Mary Doria Russell, the best-selling, award-winning author of The Sparrow, returns with Epitaph. An American Iliad, this richly detailed and meticulously researched historical novel continues the story she began in Doc, following Wyatt Earp and Doc Holliday to Tombstone, Arizona, and to the gunfight at the O.K. Corral.
A deeply divided nation. Vicious politics. A shamelessly partisan media. A president loathed by half the populace. Smuggling and gang warfare along the Mexican border. Armed citizens willing to stand their ground and take the law into their own hands....
That was America in 1881.
All those forces came to bear on the afternoon of October 26, when Doc Holliday and the Earp brothers faced off against the Clantons and the McLaurys in Tombstone, Arizona. It should have been a simple misdemeanor arrest. Thirty seconds and thirty bullets later, three officers were wounded, and three citizens lay dead in the dirt.
Wyatt Earp was the last man standing, the only one unscathed. The lies began before the smoke cleared, but the gunfight at the O.K. Corral would soon become central to American beliefs about the Old West.
Epitaph tells Wyatt's real story, unearthing the Homeric tragedy buried under 130 years of mythology, misrepresentation, and sheer indifference to fact. Epic and intimate, this novel gives voice to the real men and women whose lives were changed forever by those fatal thirty seconds in Tombstone. At its heart is the woman behind the myth: Josephine Sarah Marcus, who loved Wyatt Earp for forty-nine years and who carefully chipped away at the truth until she had crafted the heroic legend that would become the epitaph her husband deserved.
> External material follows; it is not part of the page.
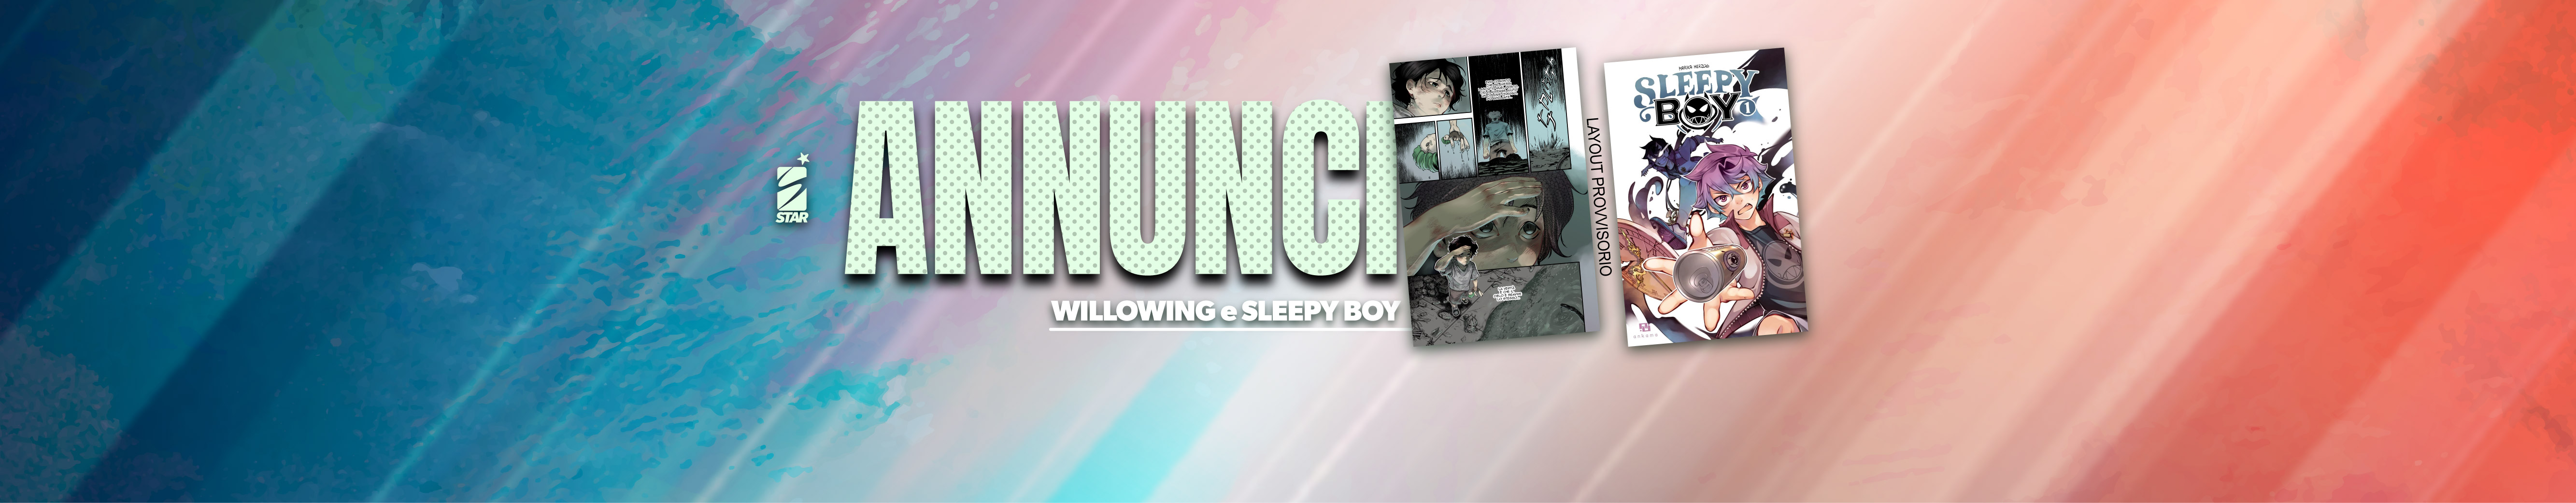 Annuncio - Willowing, Sleepy-04.jpg

"Hillary Huber provides a stalwart, gutsy portrayal of Kate Haroney, the brothel madam whose tempestuous relationship with Doc Holliday was scandalous even in the Wild West. Huber gleefully portrays the cunning Josephine Marcus, a scrappy former prostitute who became Earp's common-law wife. Almost half a century after the gunfight, Huber adds tenderness and a touch of frenzy as Josephine persists in her version of the epic shoot-out." (AudioFile)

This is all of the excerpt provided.